Anderle also went on to dismiss the coalition’s argument that cannabis cultivation isn’t an agricultural use in compliance with the Williamson Act or the project’s land use zoning. The plot of land that holds Busy Bee’s Organics is under a Williamson Act easement, which gives the property owners tax breaks so long as the designated land is being used for agricultural purposes. Although the Coalition for Responsible Cannabis argued that cannabis cultivation is not recognized as an agricultural use, Anderle ruled that previous case law states otherwise. Anderle concluded that many of the coalition’s claims had little to do with the Busy Bee’s Organics project, and instead were directed at the county’s cannabis ordinances. If the coalition and its members opposed the county’s cannabis ordinance and PEIR, he wrote, they should have appealed its approval years ago.

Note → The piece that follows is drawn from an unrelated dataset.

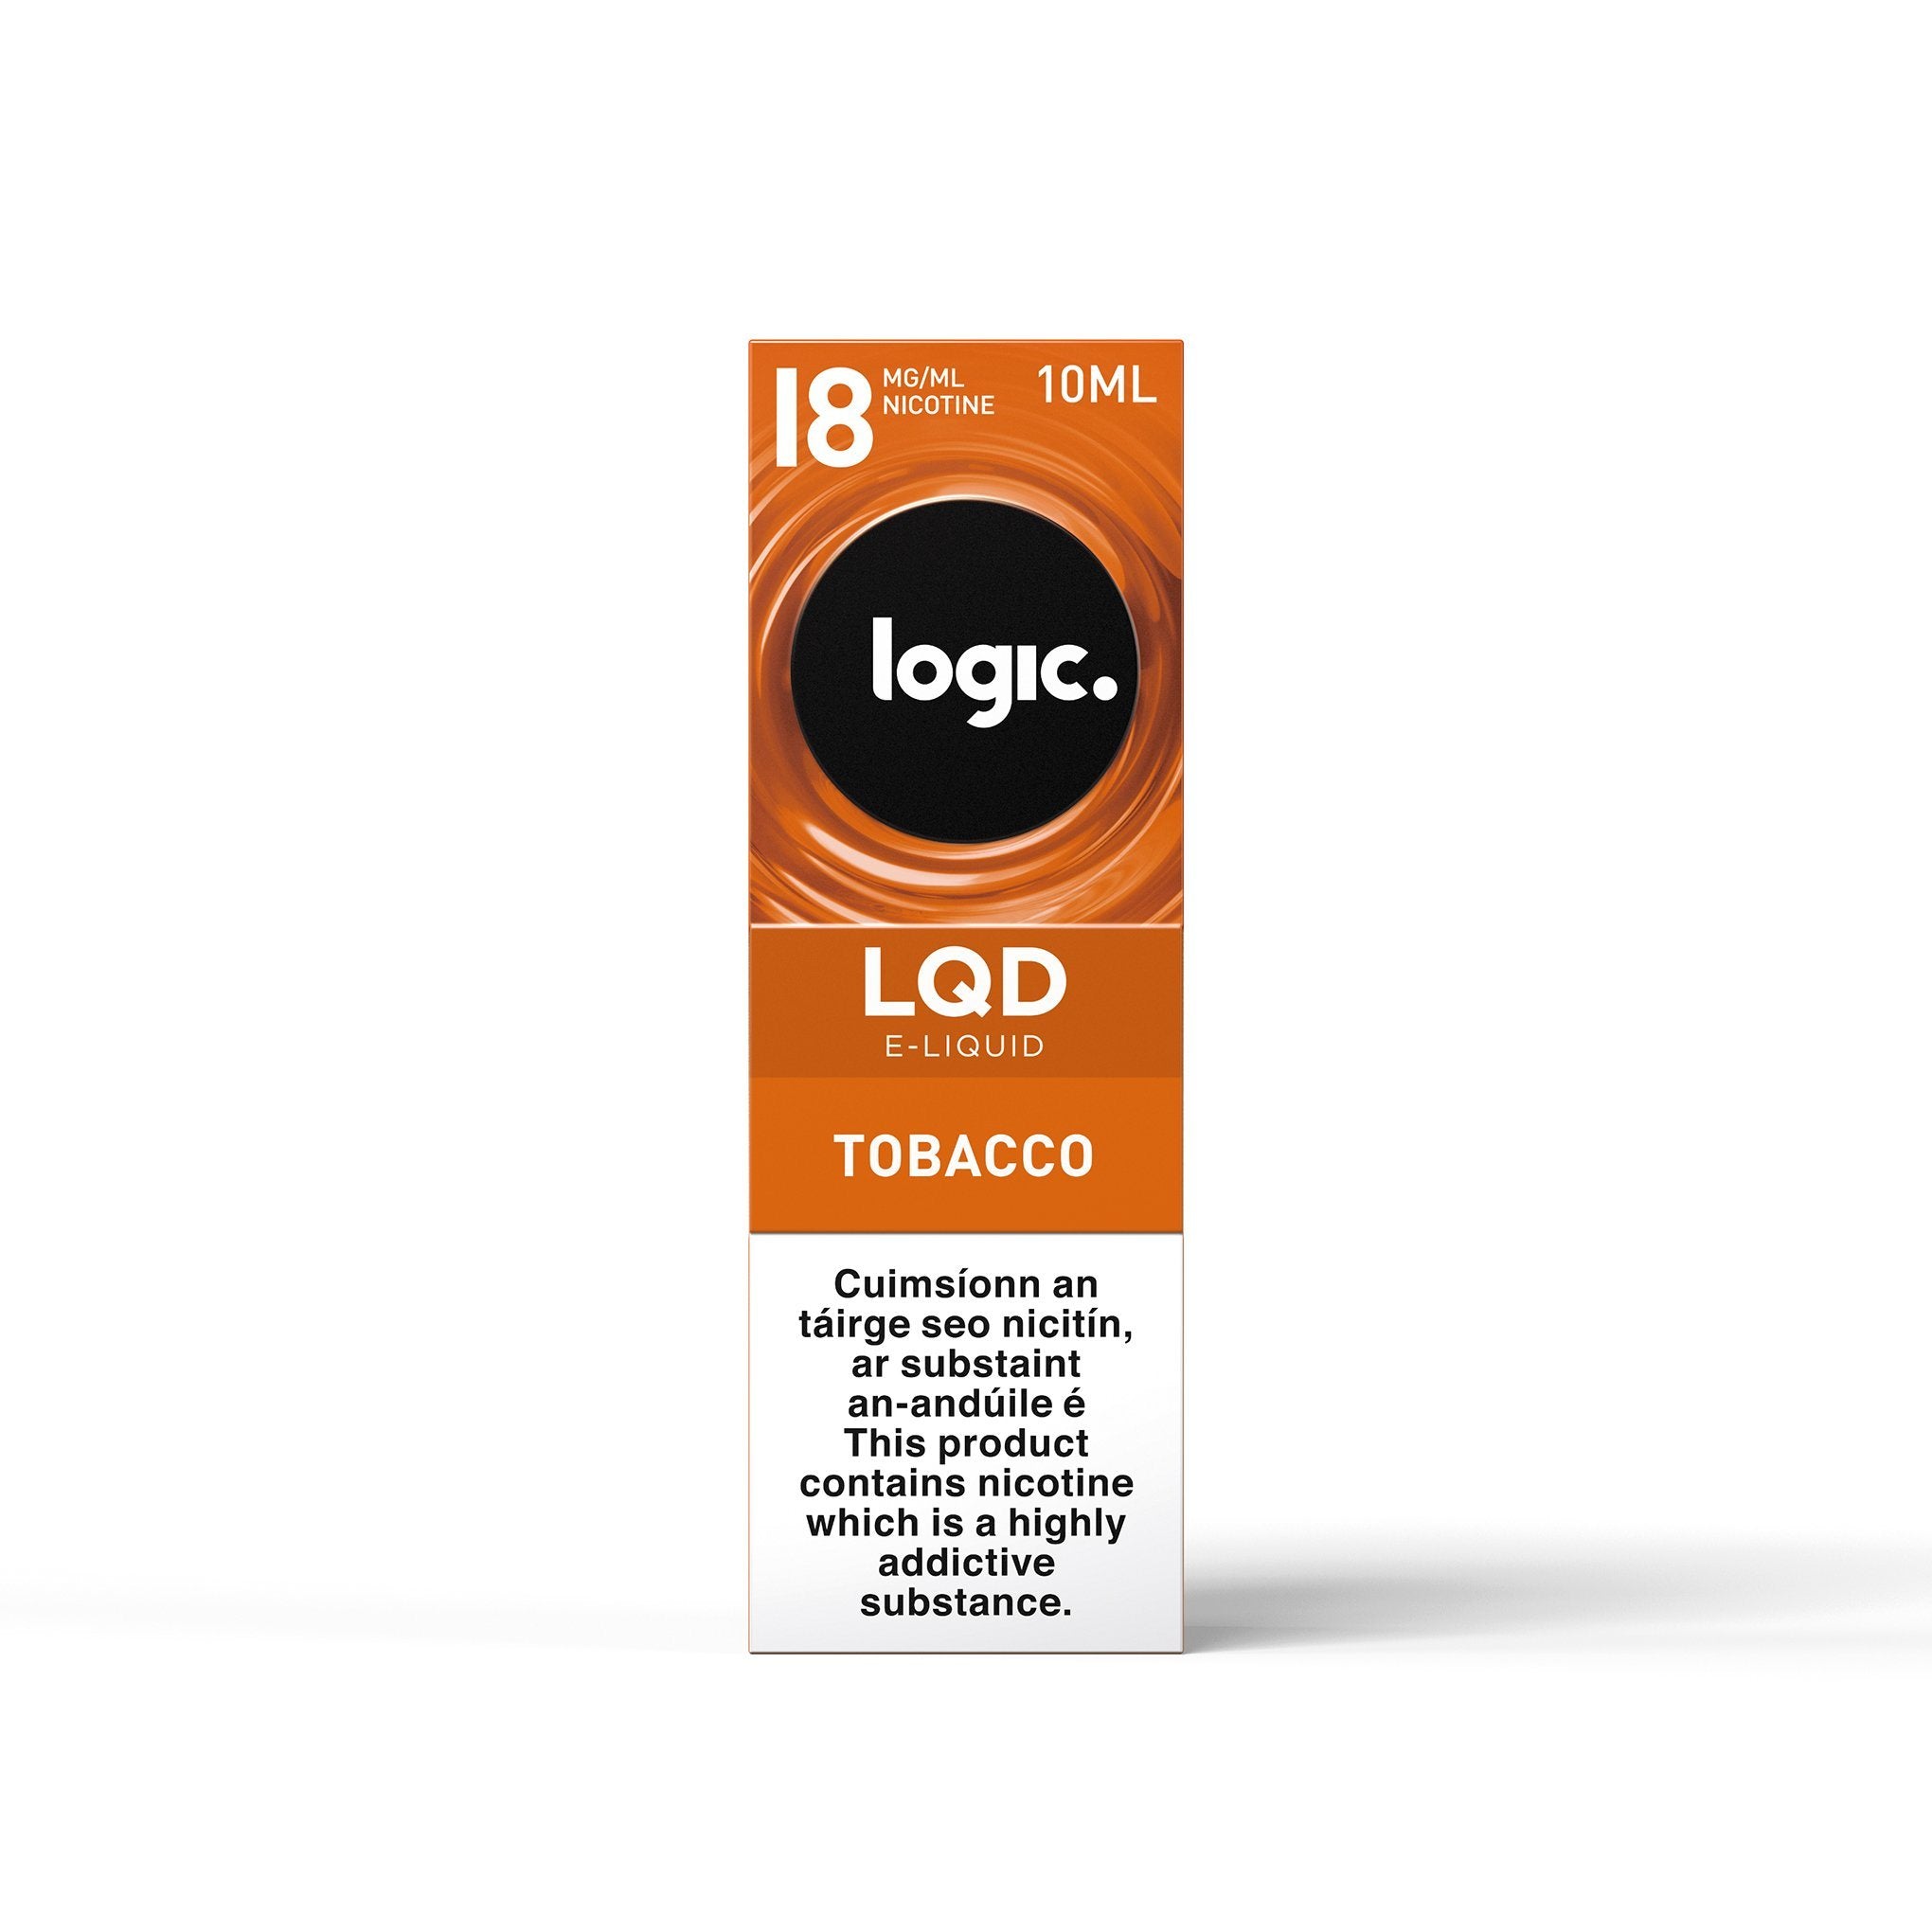 Logic LQD E-Liquid Tobacco 18MG - High Nicotine

“I’m very happy that Judge Anderle saw this case the same way we did,” Rotman said. “He stated unequivocally that the lawsuit lacked any meaningful connection to our project and was, instead, the coalition trying to take a second bite at the apple after they failed to challenge the county cannabis ordinance in a timely fashion back in 2018. That’s a grave misuse of CEQA and will continue to be a failing strategy for anti-cannabis activists like Marc Chytilo and Blair Pence.”

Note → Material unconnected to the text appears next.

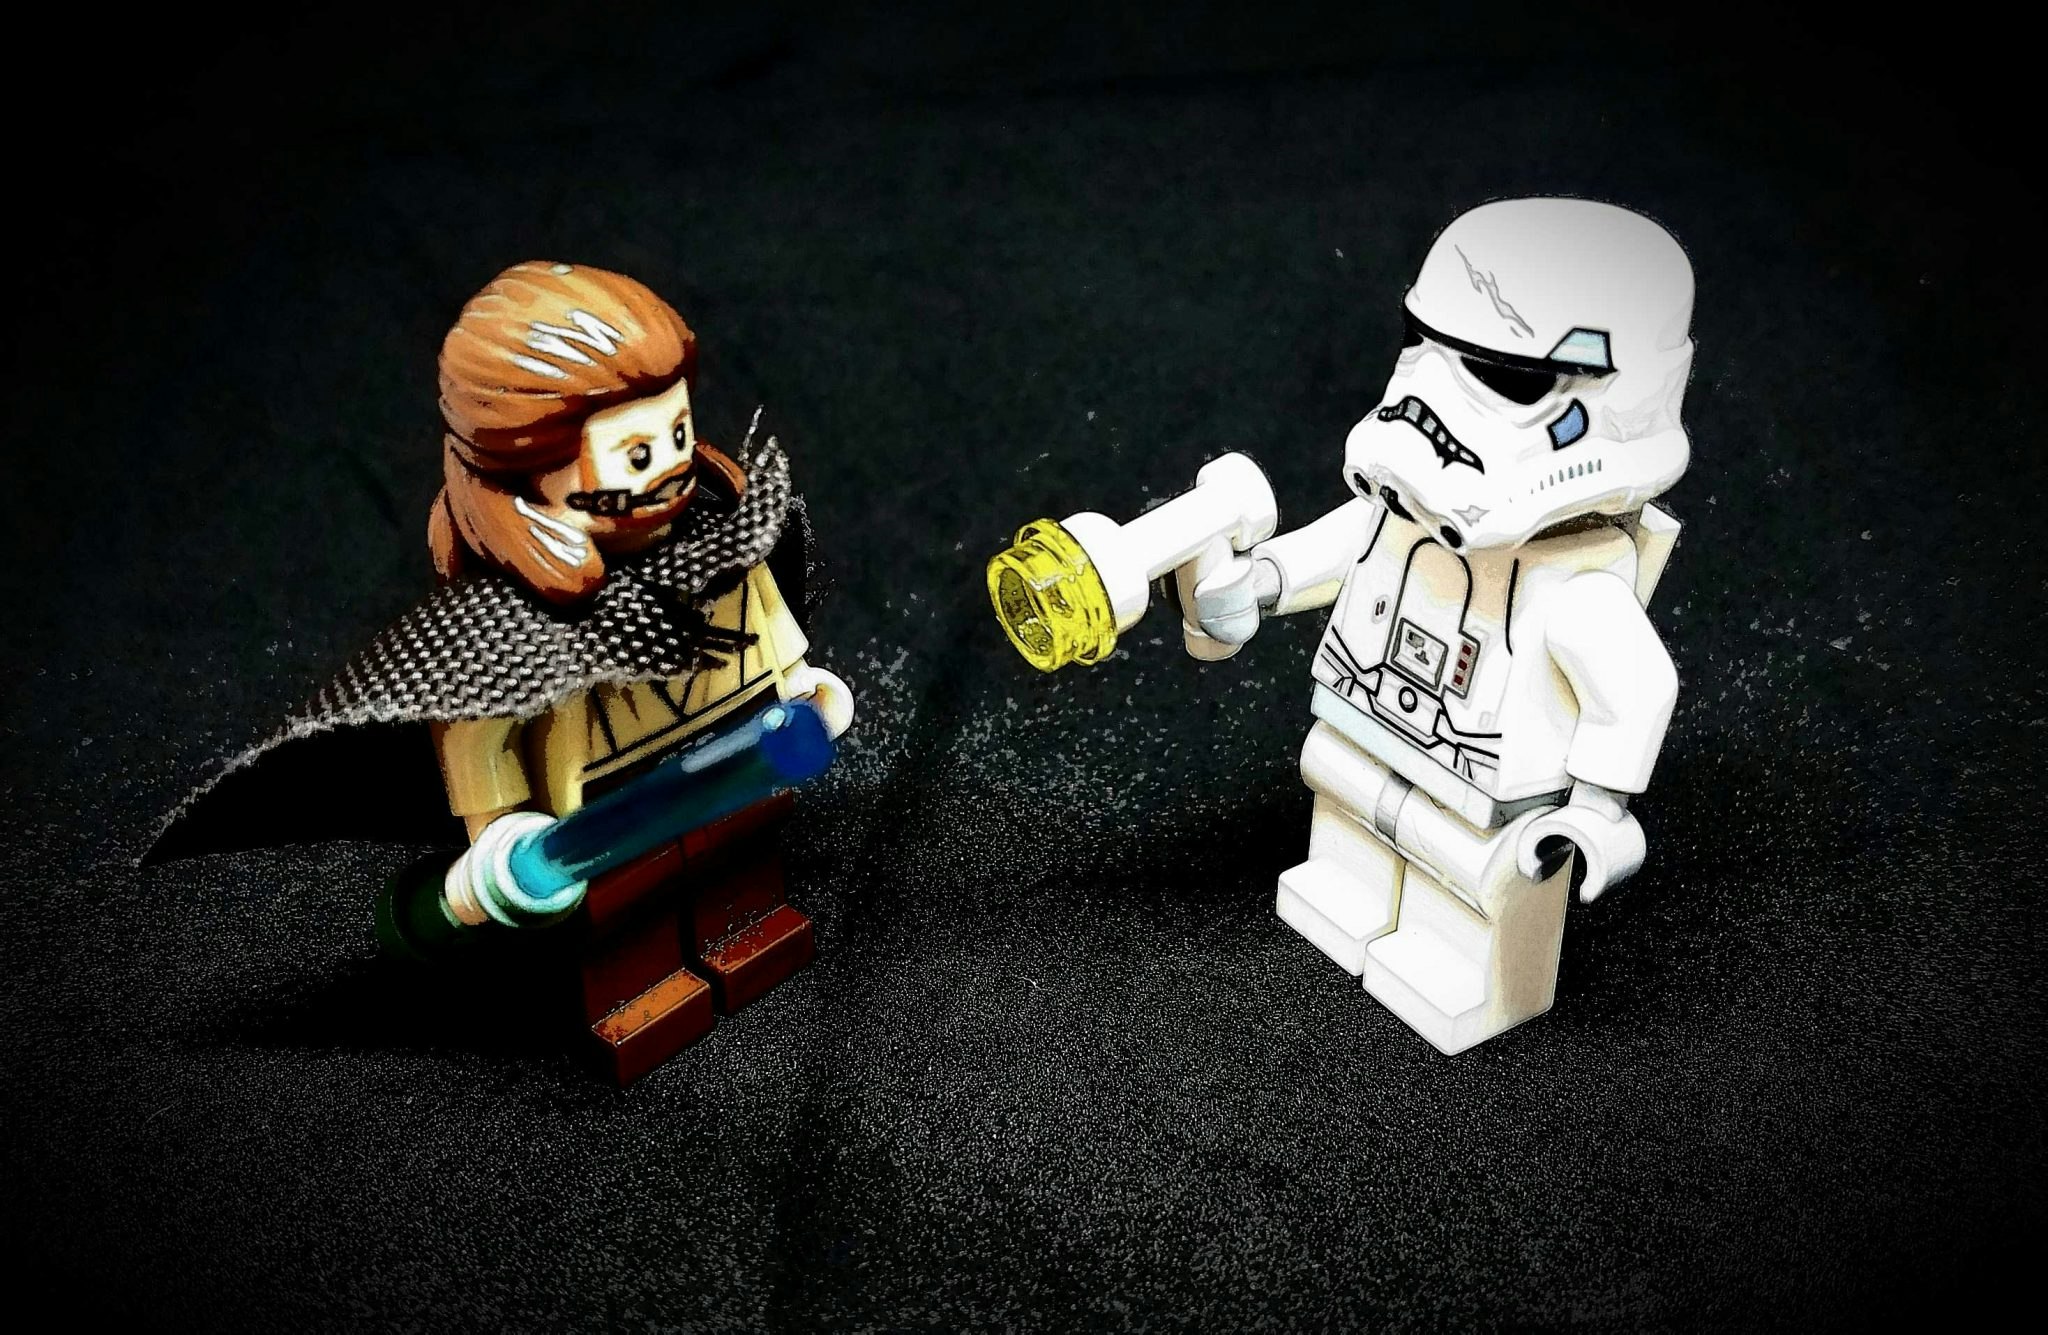 Skywalker Storm Trooper Lego figures

Chytillo and Pence, attorney for and president of the Coalition for Responsible Cannabis respectively, are working together on at least two other similar lawsuits related to CEQA and local cannabis operations proposed by Castlerock Family Farms and West Coast Farms. They don’t intend to drop those efforts because of this ruling, according to Pence, and he also said it’s not the coalition’s goal to make it financially difficult for cannabis cultivators to operate.
“Absolutely not,” Pence wrote in a statement to the Sun. “We have simply been attempting to get Busy Bee to live up to their own motto of being a ‘great neighbor.’ So far that has not happened. We are holding the cannabis growers and our local government accountable to treat their community with the respect they deserve.”